Norwegian oil and gas company Equinor has agreed to sell its stake in the Corrib offshore gas project in Ireland to Vermilion Energy.
The transaction is organized through a share sale of Equinor Energy Ireland Limited, a company 100% owned by Equinor ASA. Equinor owns 36.5% of the Corrib project, alongside Vermilion (the operator with 20%) and Nephin Energy (43.5%).
The Corrib field started production in 2015 and is located 83 kilometers off Ireland’s northwest coast in water depths of almost 350 meters. The equity gas volumes to Equinor for 2021 are estimated at ~58 MMScf/d.
"Equinor and the buyer have agreed a consideration of USD 434 million, before closing adjustment, with an effective date set at 1 January 2022. As part of the transaction, Equinor and Vermilion have agreed to hedge approximately 70% of the production for 2022 and 2023, and have also agreed a contingent payment that will be paid on a portion of the revenue if European gas prices exceed a given floor level," Equinor said.
"The Corrib field has been an important non-operated project for Equinor for several years. We have taken the decision to sell the asset to focus our portfolio, in line with our strategy, to capture value from the current strong market and to free up capital that we can re-invest elsewhere,” says Arne Gürtner, senior vice president responsible for the United Kingdom & Ireland.
The deal is subject to approval by partners, government and regulatory bodies.
The sale of Corrib means that Equinor will no longer have active business presence in Ireland, after also deciding to withdraw from an early phase offshore wind project in the country, Equinor said.
In a separate statement, Vermilion said that the Corrib acquisition would add around 23 mmboe of 2P reserves and is expected to produce approximately 7,700 boe/d in 2022. Vermilion became the operator of the Corrib field after Shell sold its stake in a transaction that closed in 2018.
"Based on forward commodity prices, the Corrib Acquisition is forecast to generate approximately $365 million of FFO and $361 million of FCF in 2022 which equates to an FFO and FCF netback of approximately $130/boe," Vermilion said.
"Vermilion's operated interest in Corrib will increase to 56.5% upon closing, significantly increasing our exposure to premium-priced European natural gas.
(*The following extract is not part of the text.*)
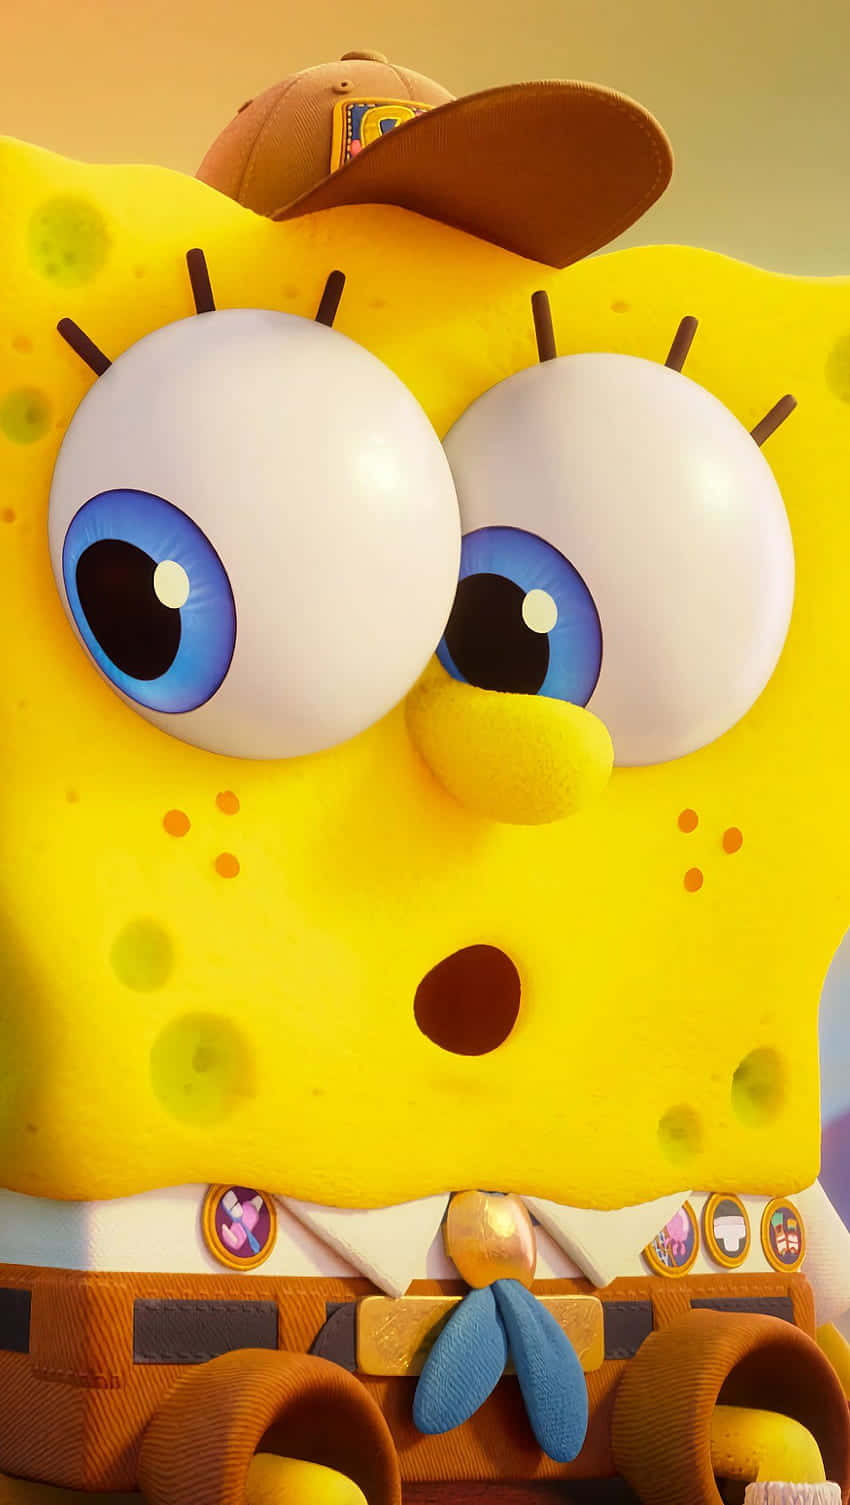 Sponge Bob Square Pants Movie Character Closeup Wallpaper

On a 2022 full-year pro forma basis, European natural gas will represent approximately 22% of our production and approximately 42% of FFO. The acquisition also rebalances our international weighting to approximately 39% of production and 60% of FFO based on 2022 full-year pro forma estimates, further enhancing our geographical and commodity diversification which is a unique differentiator in our business model," the company added.
"Corrib's natural gas production features world-class ESG, with best-in-class Scope 1 and 2 emissions intensity of 4.2 kgCO2e/boe and a robust plan for long-term biodiversity enhancement," Vermilion said.
The company also said it planned to reinstate a $0.06 per share quarterly dividend starting in Q1 2022.